Chenneville: A Novel of Murder, Loss, and Vengeance

Written by Paulette Jiles
Review by Janice Ottersberg

John Chenneville, a Union soldier, emerges from a months-long coma, discovering the Civil War has ended. He had suffered a severe brain injury in an explosion. Slowly, memory fragments return: his identity, family, friends, events. Partially recovered, he arrives back home in Missouri to be told of the brutal murder of his sister, her husband, and their baby. Post-Civil War Missouri is under martial law, and investigating this murder is not of importance. Burdened by grief and motivated by revenge, John pushes himself to recover his walking, riding, and shooting skills, and build physical strength to seek out whoever is responsible for this heinous crime. Word is that Albert Dodd is that man, and after the delay to recover, John is on Dodd’s trail headed toward Texas.

With lingering effects from his injury, he travels through a desolate, lawless land, ravaged by war, where mob justice often rules. Murder is his objective and his only acceptable outcome despite the consequences. This quickly becomes a cat-and-mouse game as hunted becomes hunter. Dodd is leaving more murders in his wake, even more reason to take him down. Now John is accused of one of Dodd’s murders, and, until his mission is complete, he must elude the federal marshal sent to arrest him.

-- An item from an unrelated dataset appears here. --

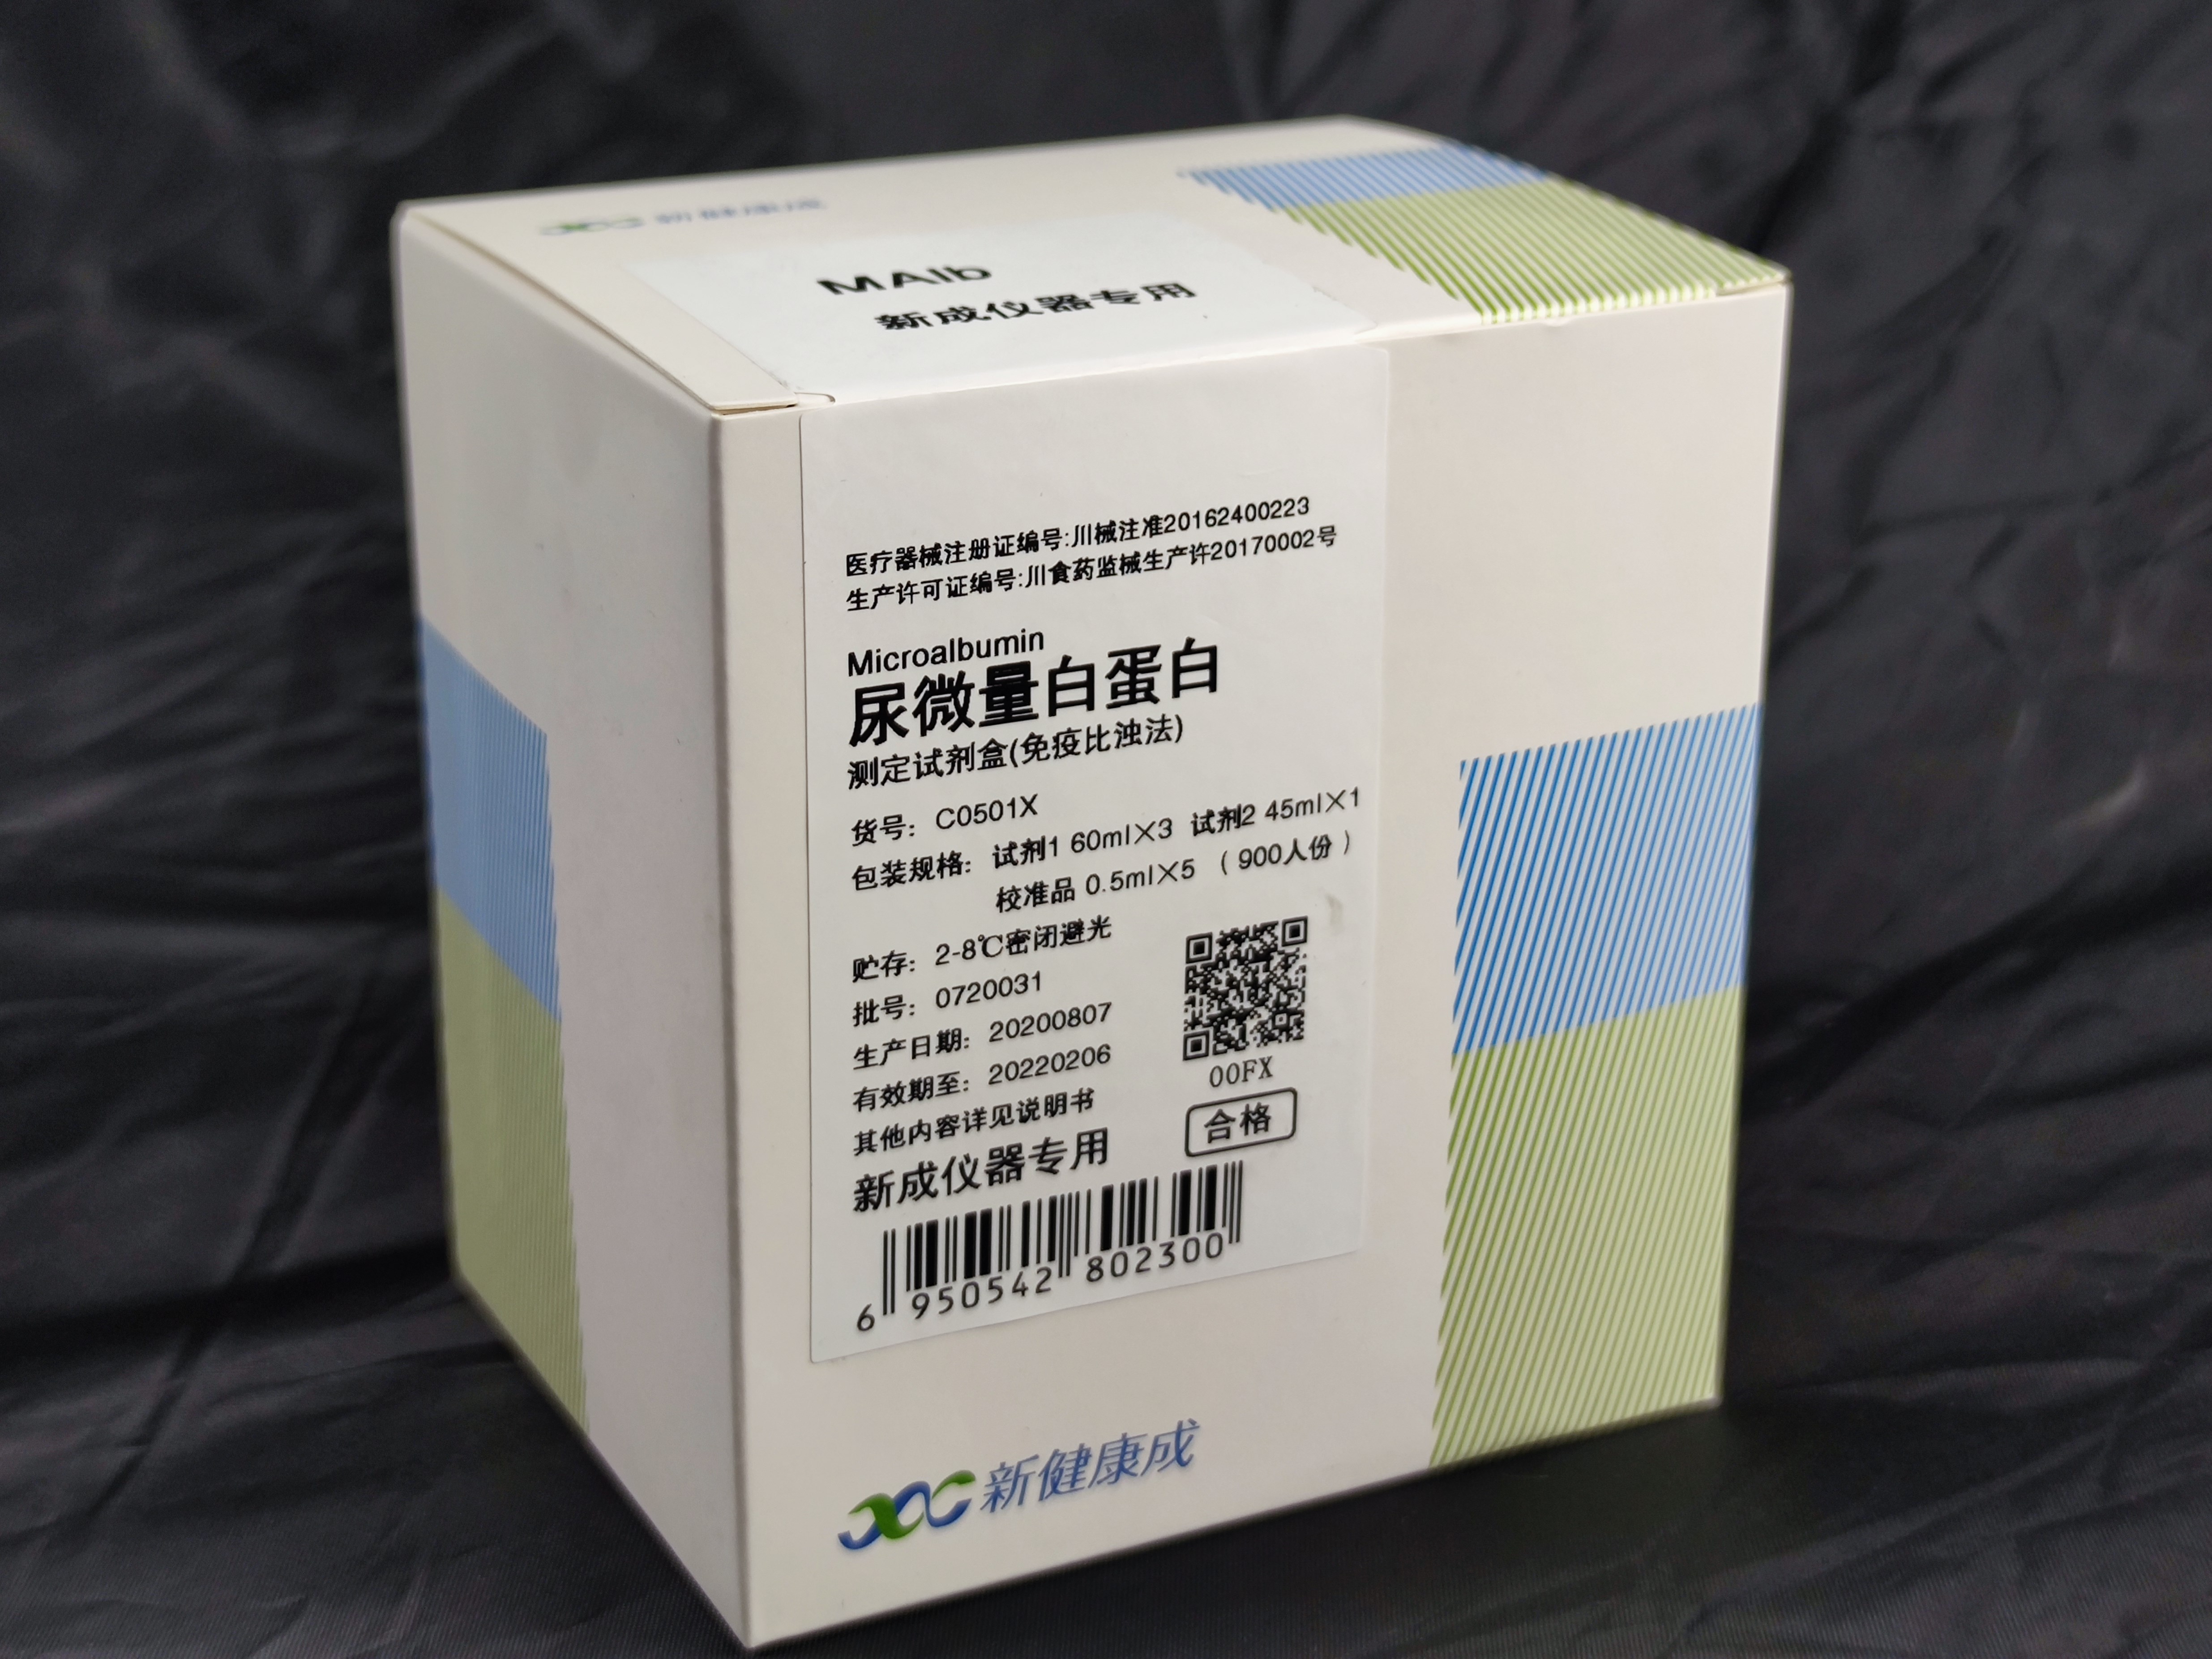 【新健康成】尿微量白蛋白测定试剂盒(免疫比浊法)

Jiles is at her best when describing the Western landscape and creating the people who live in that violent, uncertain world where life no longer has value. Chenneville may have a singular, murderous purpose of revenge, but he is also a principled man, kindhearted and sincere. He is generous and sympathetic to those he meets deserving of kindness – a complex, solitary hero. With affecting prose and harsh descriptions of the realities of a desolate land, this novel is a standout.